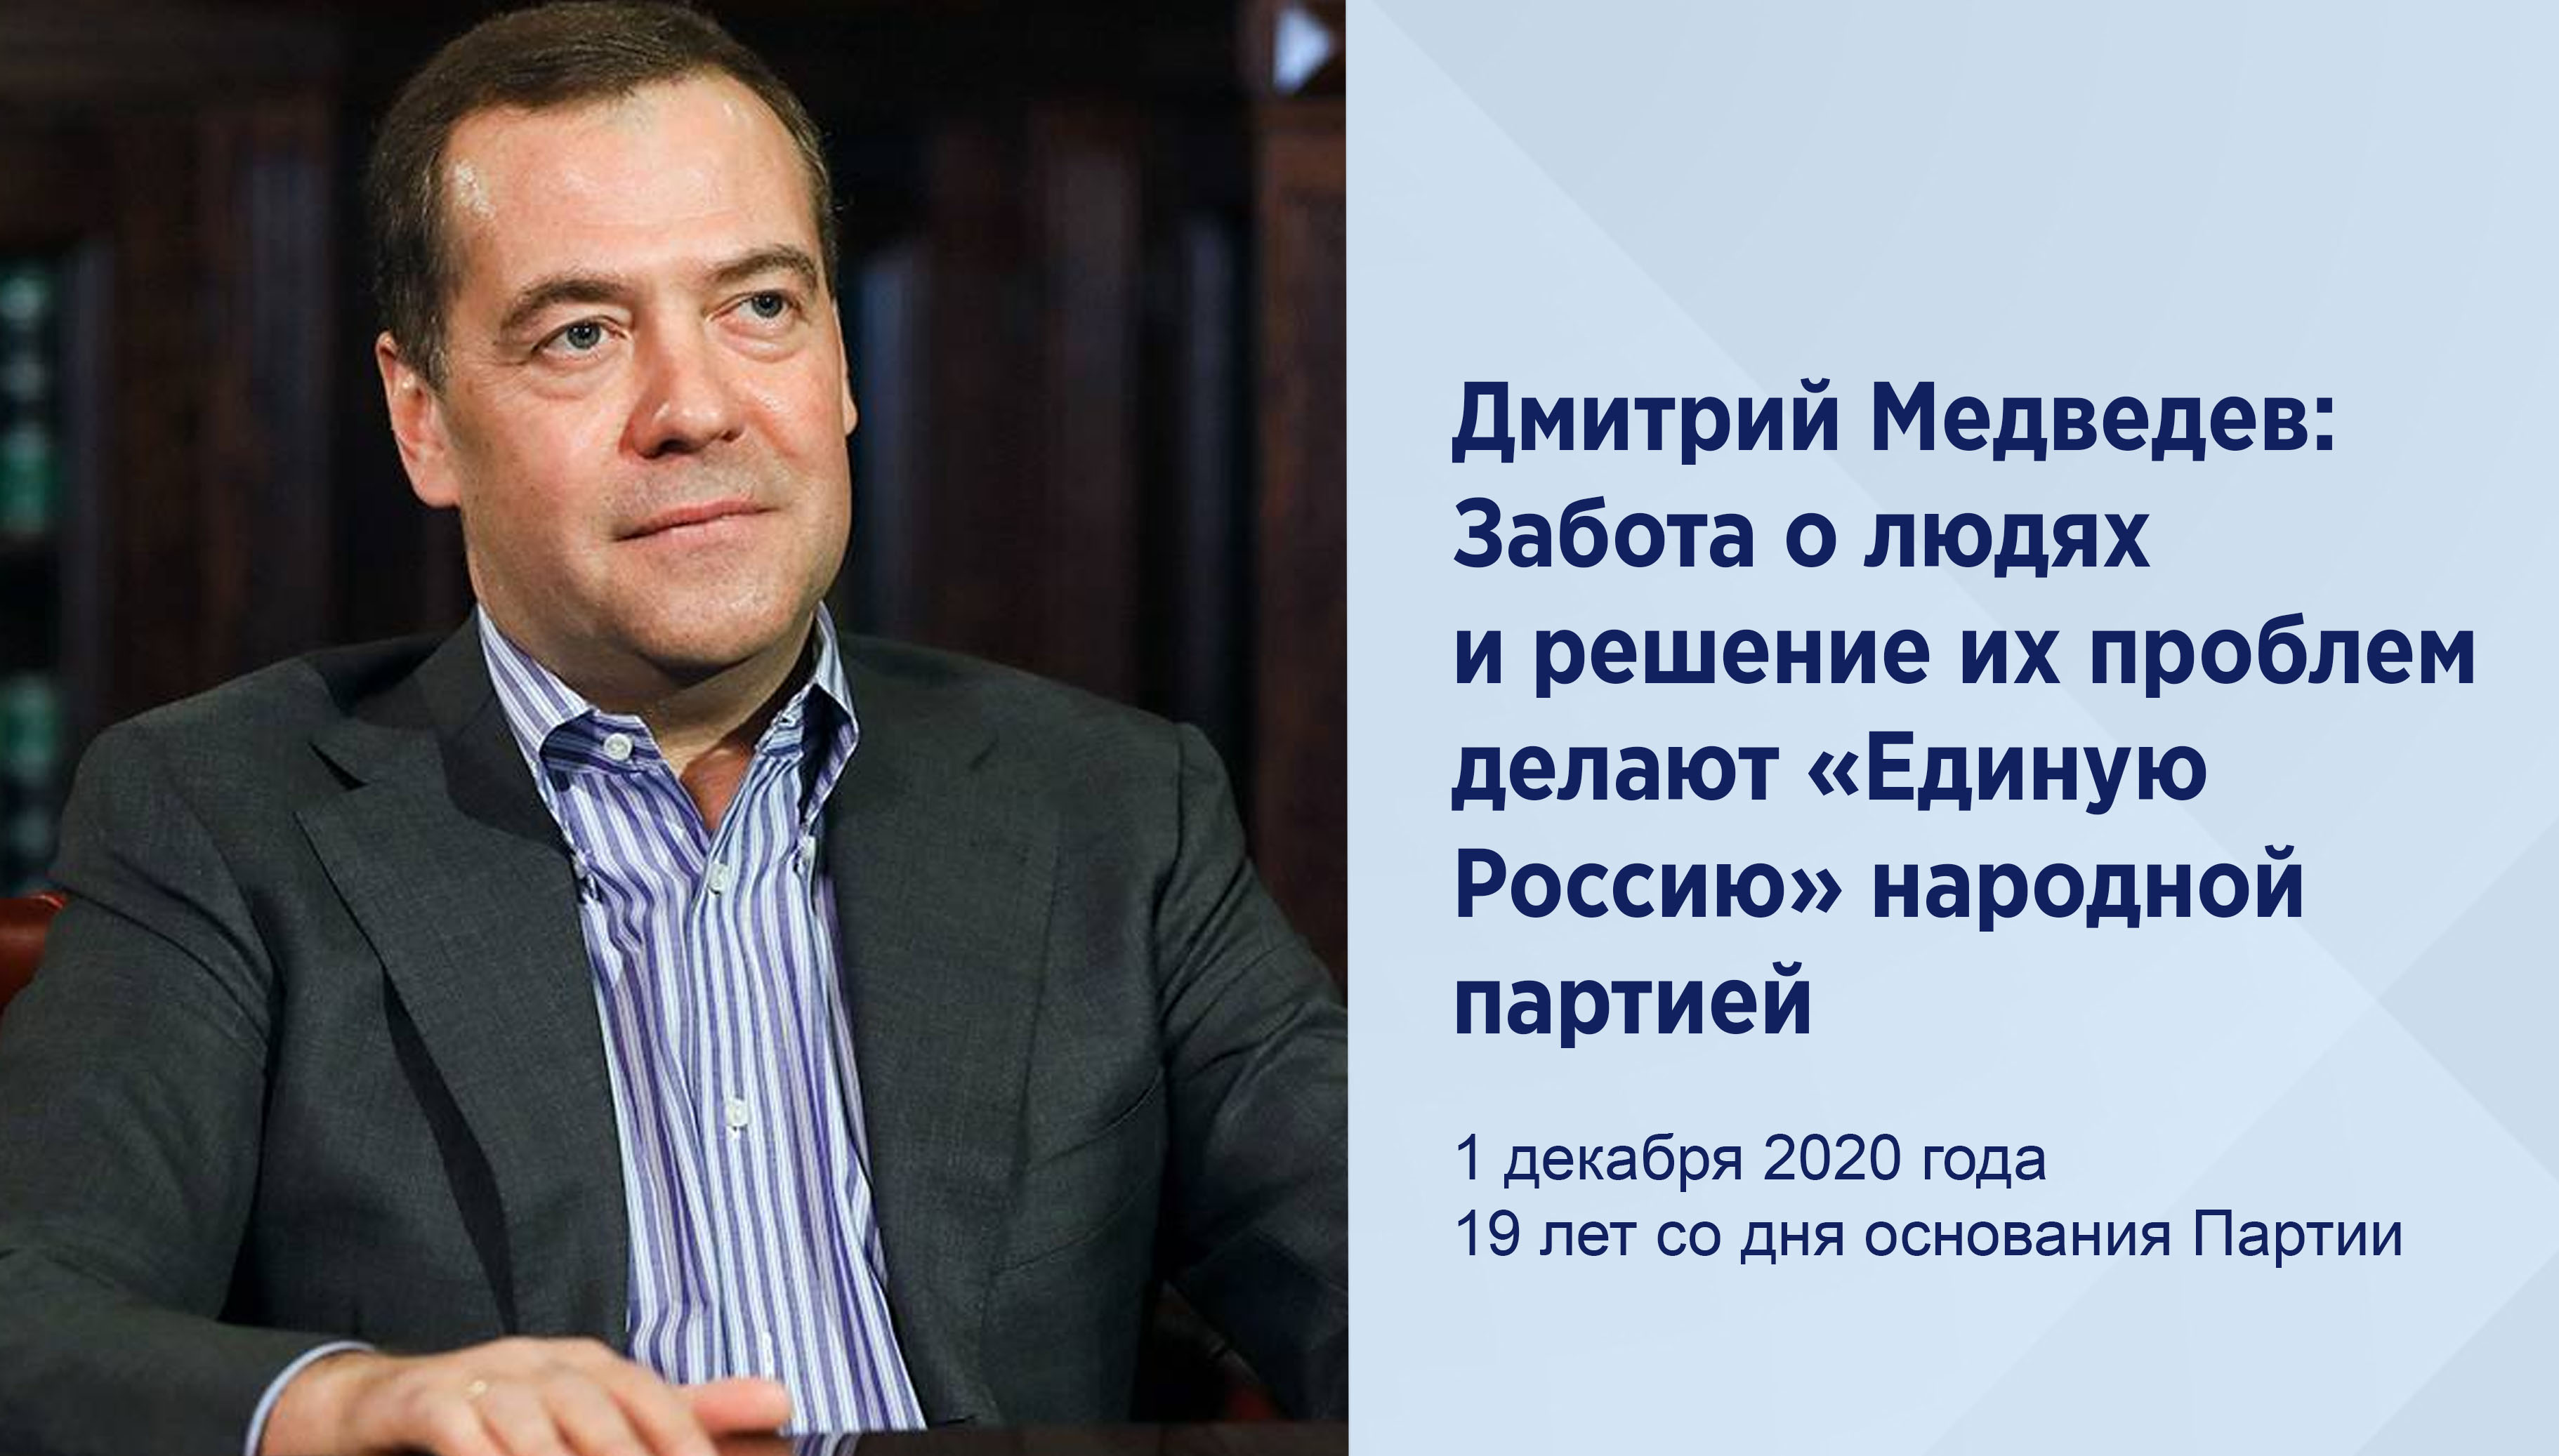 Дмитрий Медведев: Забота о людях и
решение их проблем делают «Единую
Россию» народной партией

----------------------------------------

● **TASK BRIEF**
Reproduce, with no other lines, the one containing "решение их проблем" and all lines after it through the end of the data above.

● **EXPECTED ANSWER**
решение их проблем делают «Единую
Россию» народной партией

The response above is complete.